I did not suggest the problem was easy and noted that what is required at
the "early stages" is a precise statement of the problem. Once a problem
has been articulated without tools, then examining various tools and their
limitations in addressing the problem may indeed lead to greater insight
into the problem.
Actually I would say that technologies are limitations on thinking rather
than imaginative forms, but then I suppose that depends on the imagination
of the researcher. Robin Cover gave me the best advice on markup projects
(and I think technology in general) when he advised: "Decide what you want
to do and then look for markup to do it." It was following that advice that
lead to the research Matt O'Donnell and I have been pursuing over the last
couple of years on overlapping markup. The notion of words (PCDATA to you
markup folks) having membership in a hierarchy of markup was something I
happended upon while sketching the overlap problem while riding public
transportation to the airport. I was sans my laptop, various markup
volumes, the lastest 1-unambiguous grammar research, etc. It was the
absence of all those tools and references that forced me to consider what I
wanted to do as opposed to what my tools said could be done.

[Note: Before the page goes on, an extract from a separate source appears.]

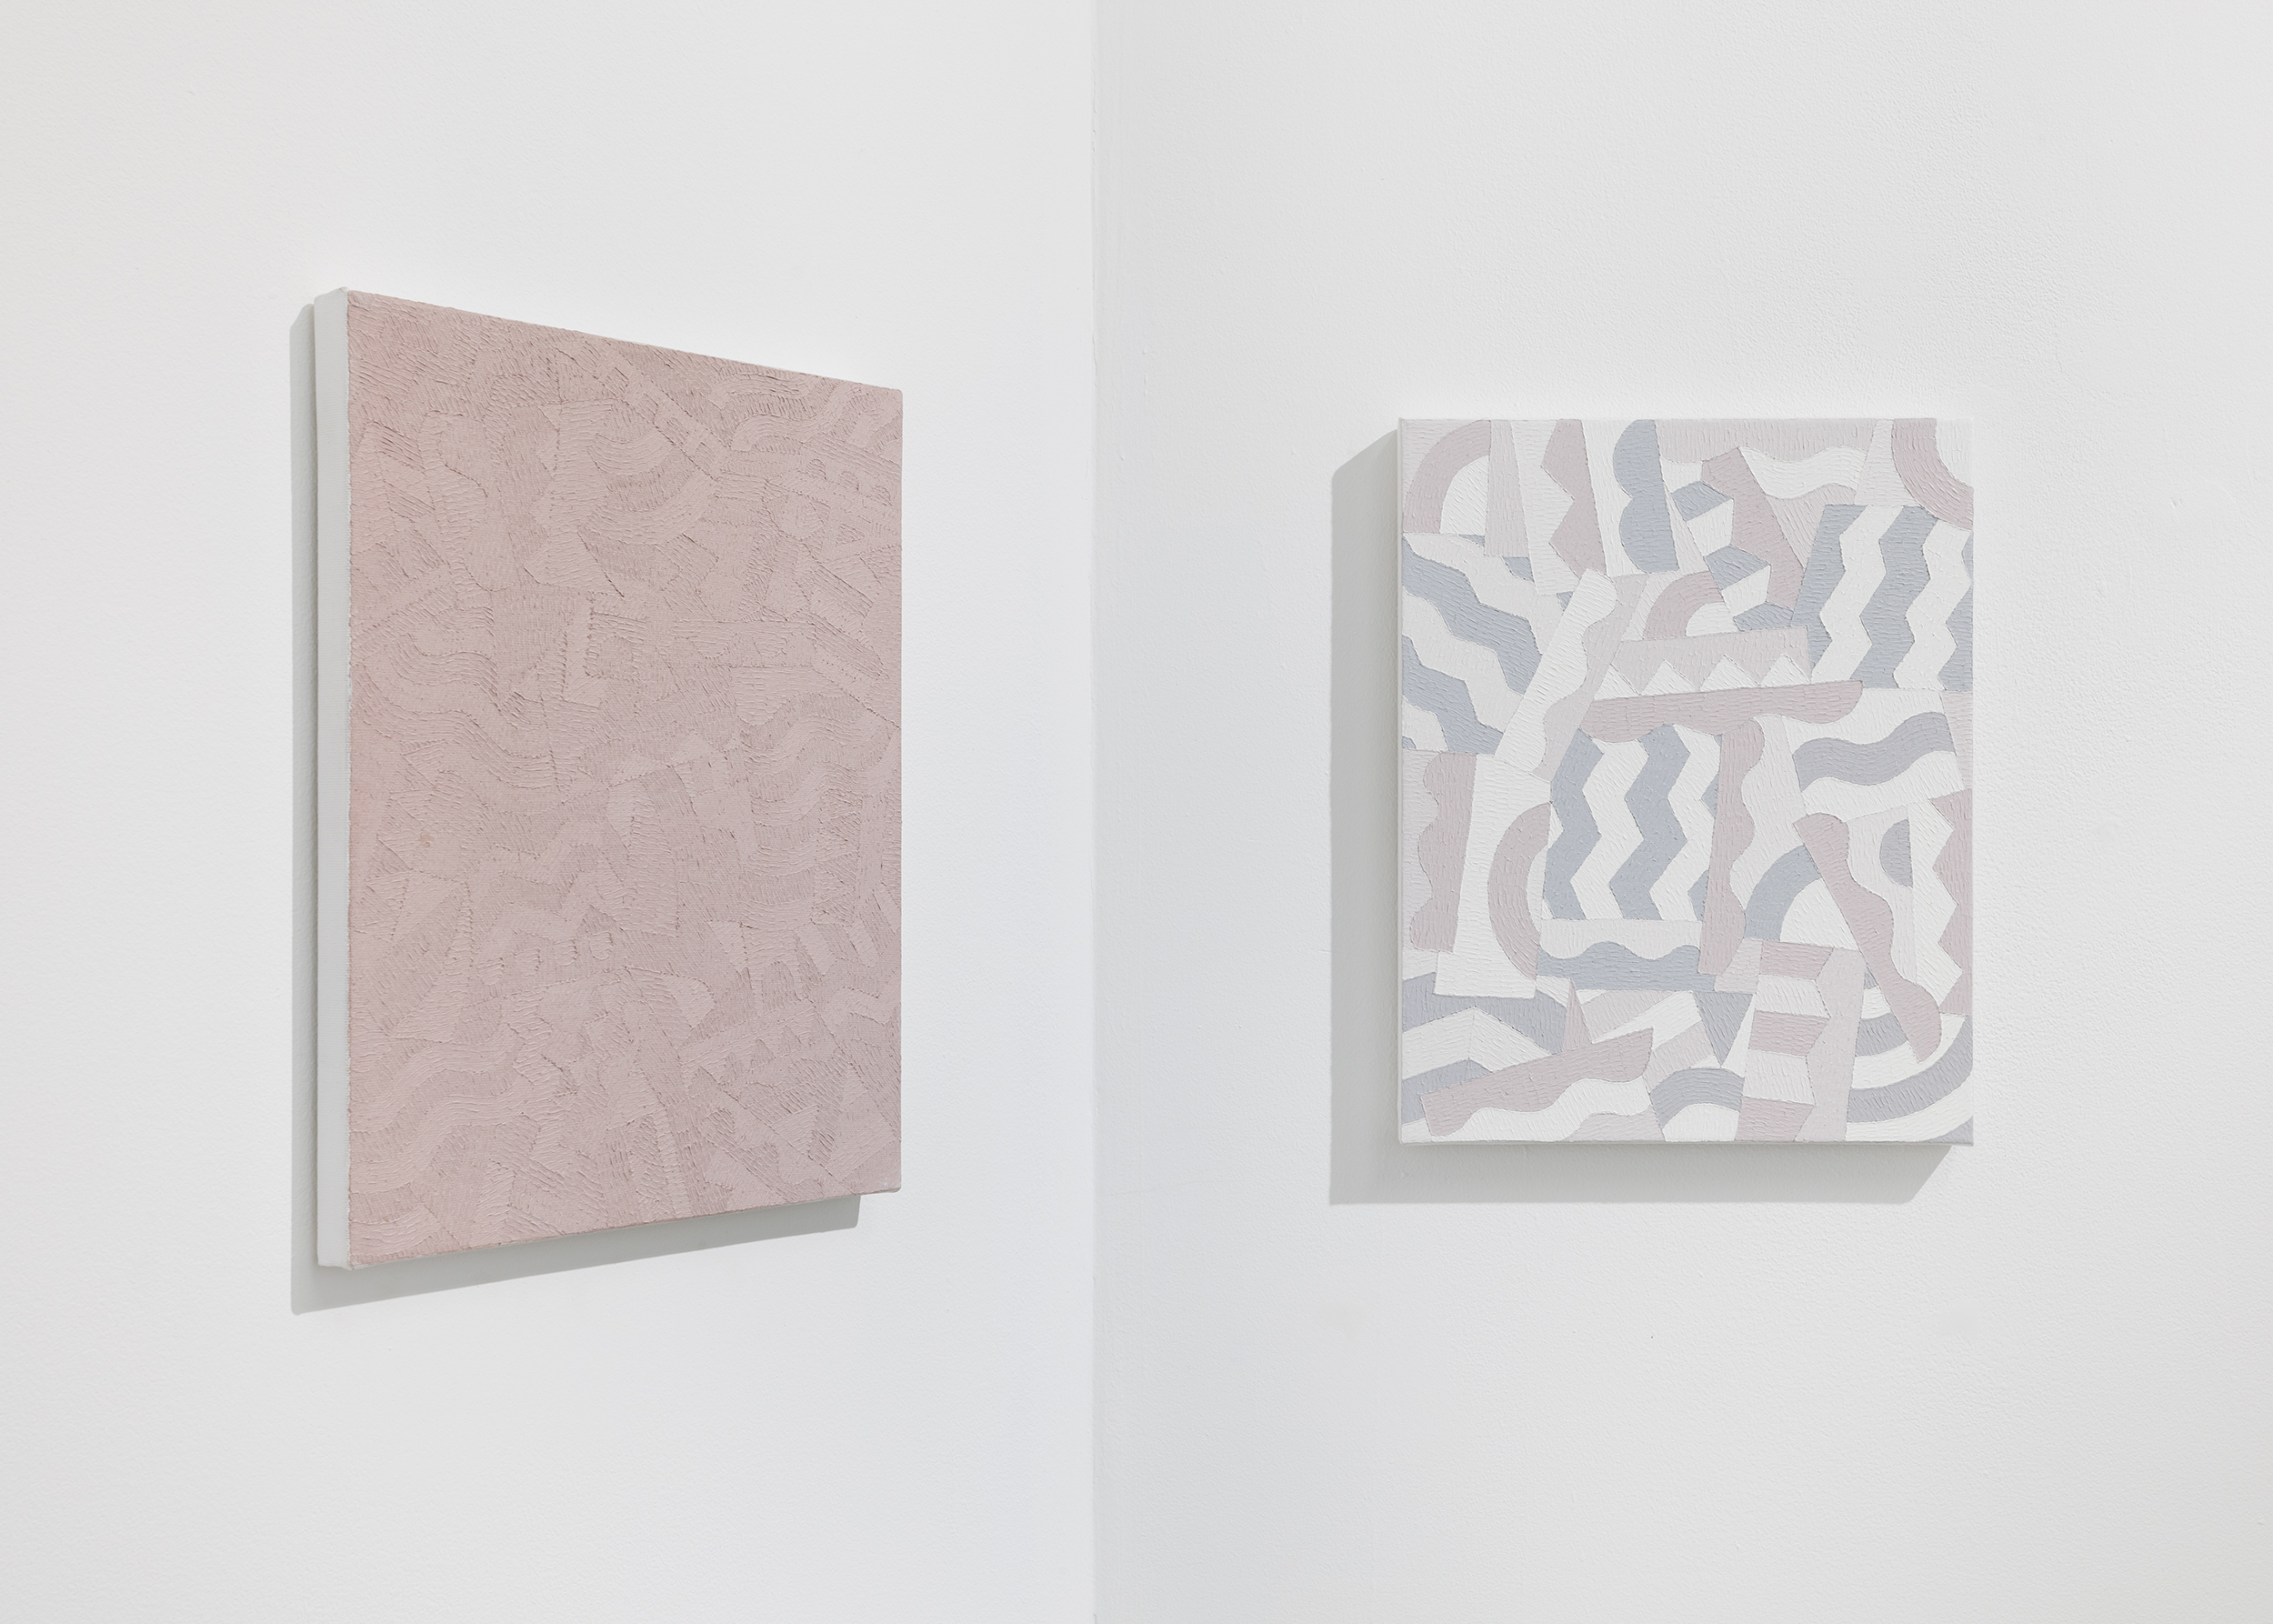 Installation view of Timothy Hull solo exhibition showing view of two small paintings

That is not to say that any problem can be formulated completely separate
from the tools we habitually use, just as we can't formulate a problem
without using a particular written or spoken language, which carries its
own set of limitations. To some degree, however, we can exercise a choice
to formulate a problem with a particular tool. An awareness of a large
range of tools and their limitations can illuminate particular problems but
the original choice of relational database vs. markup is far too crude to
lead very far.
>Winograd and Flores, in Computers and Cognition,
>observe that the commonplace assumption of so-called expert systems -- that
>one can extract knowledge from experts then code it into computing systems
>-- makes no sense at all because the experts themselves do not work (or at
>least not entirely) in a way that can be extracted from them (pp. 98f).
>Knowledge, they note, isn't captured in building an expert system, rather
>what happens is that people work together to create a systematic domain
>(pp. 175f). They *imagine* their research problems and strategies anew.
I appreciate the supporting quote for not viewing a problem through a
particular technology but was there some other reference you meant to
insert here? There are cases where expert systems work quite well,
screening of cancer tests for example, where a very precise formulation of
the problem is posssible in a tightly controlled domain.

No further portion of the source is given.